Birmingham-born Paul has just spent a year as Cameron Mackintosh’s assistant on Hair in the West End and Les Miserables at the 02 Arena and is now preparing the European premiere of My Big Gay Italian Wedding in Victoria.

In his words, “it had to be something exciting for me to come up to York for the past two months”, and given his musical pedigree, you won’t be surprised that song and dance, as well as soldiers’ uniforms and NAAFI girl garb, have made their way into his ebullient reinvention of Shakeapeare’s comedy.

He has swapped Messina, Italy, for Yorkshire and references to Pocklington, Poppleton, Pontefract and Harrogate.
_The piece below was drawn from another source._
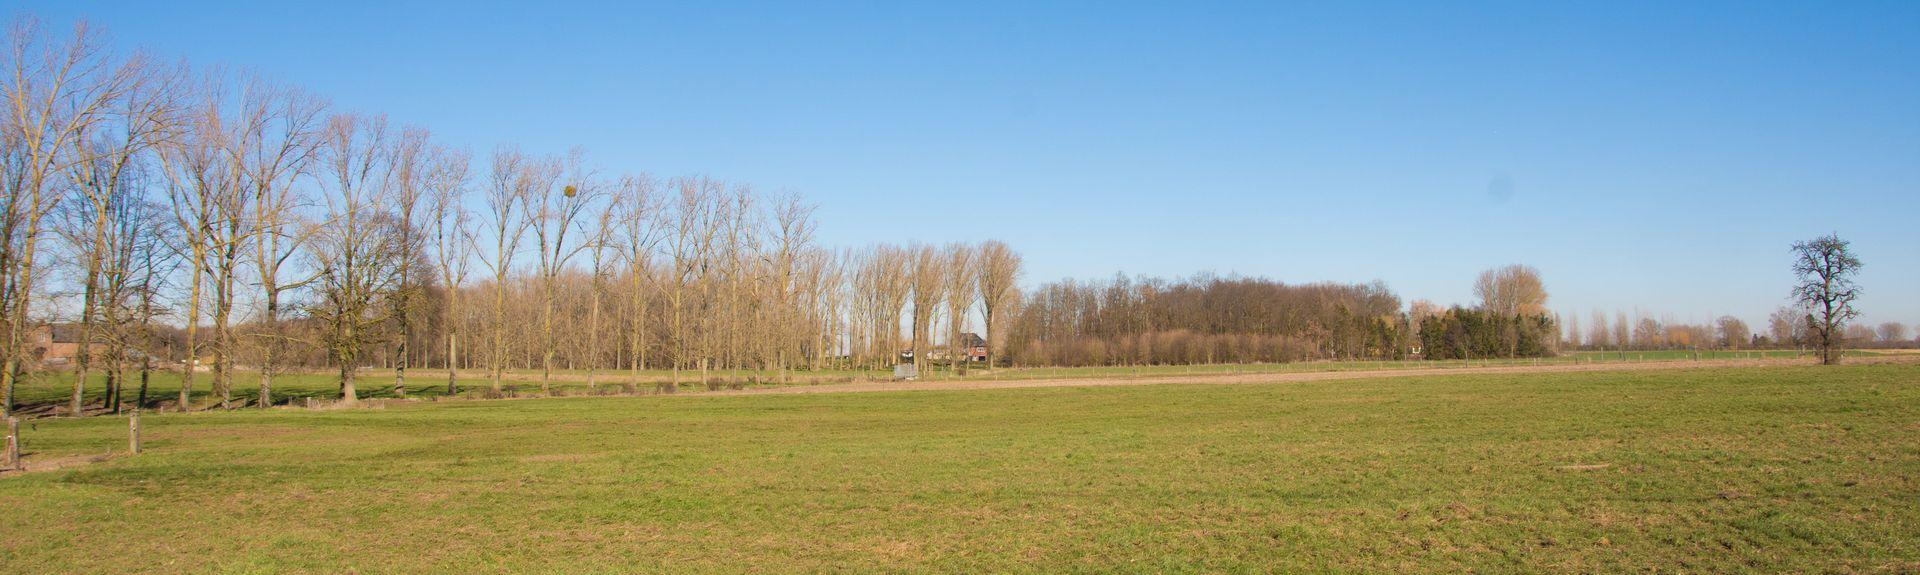 Genk, Vlaanderen, BE
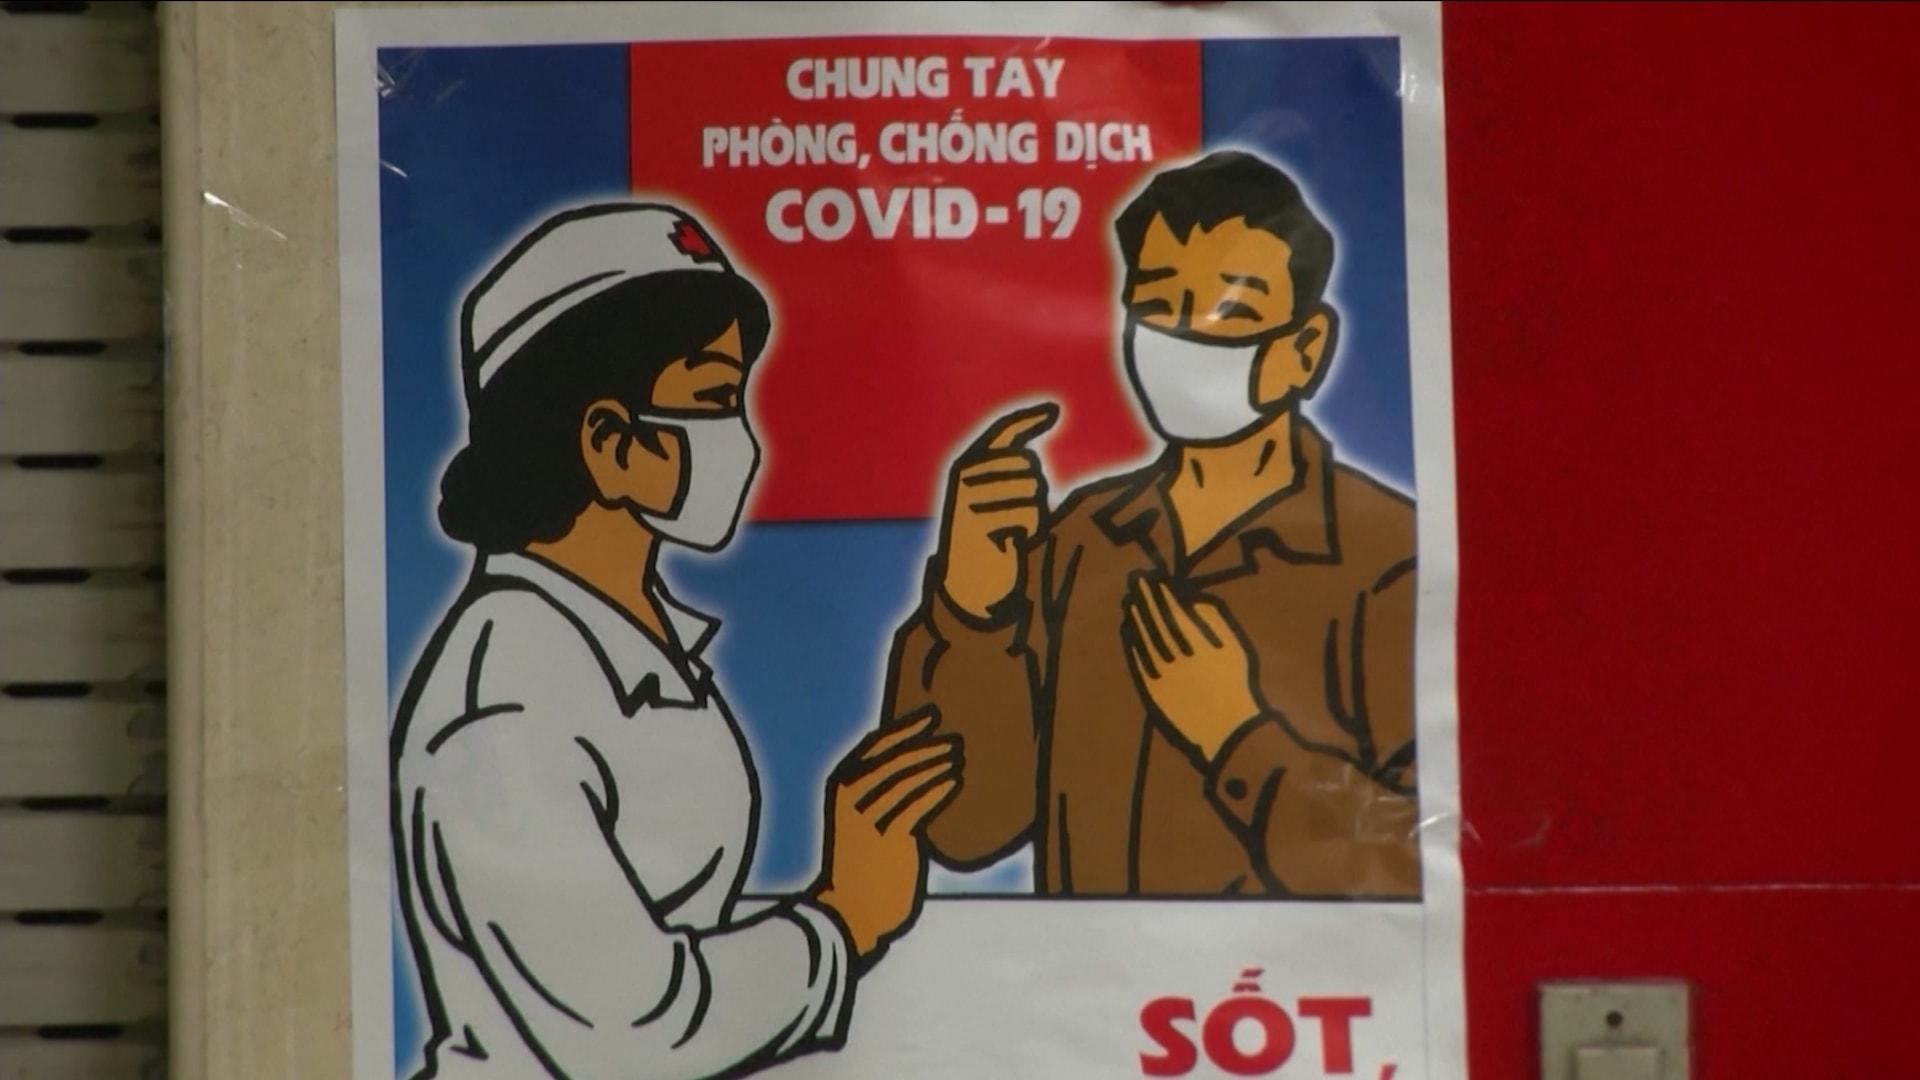 فيتنام ليس لديها حتى الآن أي وفيات بسبب فيروس كورونا.. ما سبب نجاحها في قمع الفيروس؟

The setting is York in the Summer of 1945, in the immediate aftermath of the Second World War, whose end is signified by the radio bulletin that opens the show in the evening air of Rowntree Park after a round of Andrews Sisters warm-up songs.

This announcement is the cue for revelry, the park’s raised amphitheatre bedecked by designer Andrew Beckett in Union bunting and balloons as the backdrop for Roll Out The Barrel and Knees Up Mother Brown, sung lustily to the accompaniment of recorded music, although an amplified piano would have been more aesthetically pleasing.

Much Ado About Nothing is one of those meddling comedies where the whiff of liberation, the urgency of desire and the need for mischief are the spur for misbehaviour, mucking about in other people’s business and the path to true love being no straighter than Spaghetti Junction.

Taylor-Mills has relocated scenes from the house to the garden to enhance the sense of great escapism after the war, while Rowntree Park’s bushes and trees compliment the themes of deception and eavesdropping.

They’re all at it! Soon-to-be-married lovers Claudio (Alan Flower) and Hero (Anna Rogers) are conspiring with Don Pedro (Niraj Davé) to set a lover’s trap for the will-they-ever-marry? Benedick (Sebastian Hulkkov) and Beatrice (Gemma Sharp). Ben Sawyer’s Don John, meanwhile, is scheming to ruin Claudio’s big day.

Taylor-Mills directs these shenanigans with boldness, cheekiness, a quick tempo and a dash of cabaret camping, courtesy of the music, although Lizzie Marshall’s rendition of We’ll Meet Again is a moving moment amid the fun and fluff.

Like the director, Sebastian Hulkkov is making his YSP debut and this East Yorkshireman makes his mark both with his very appealing voice and a manner that crosses Hugh Laurie with Richard E Grant. You’ll surely be seeing more of him.

Gemma Sharp impresses once more, not least in making her every move count, often at pace, while Anna Rogers is a striking Hero, and among the comedic players, there is splendidly daft interplay between Tom Staszewski’s Dogberry (here transformed into a Home Guard jobsworth) and Greg Sellers’ Verges in a cameo as manic as Lee Evans. Daniel Wilmot’s Conrad and Damian Freddi’s Borachio add to the physical humour too.

How apt that this triumphant Much Ado, one of the best of YSP’s 16 productions so far, should be enacted in front of a banner that reads Victory.

Much Ado About Nothing, York Shakespeare Project, Rowntree Park, York, tonight until Sunday and July 6 to 9, 7.30pm plus 2.30pm matinees, tomorrow and next Saturday. Box office: 01904 623568 and on the door.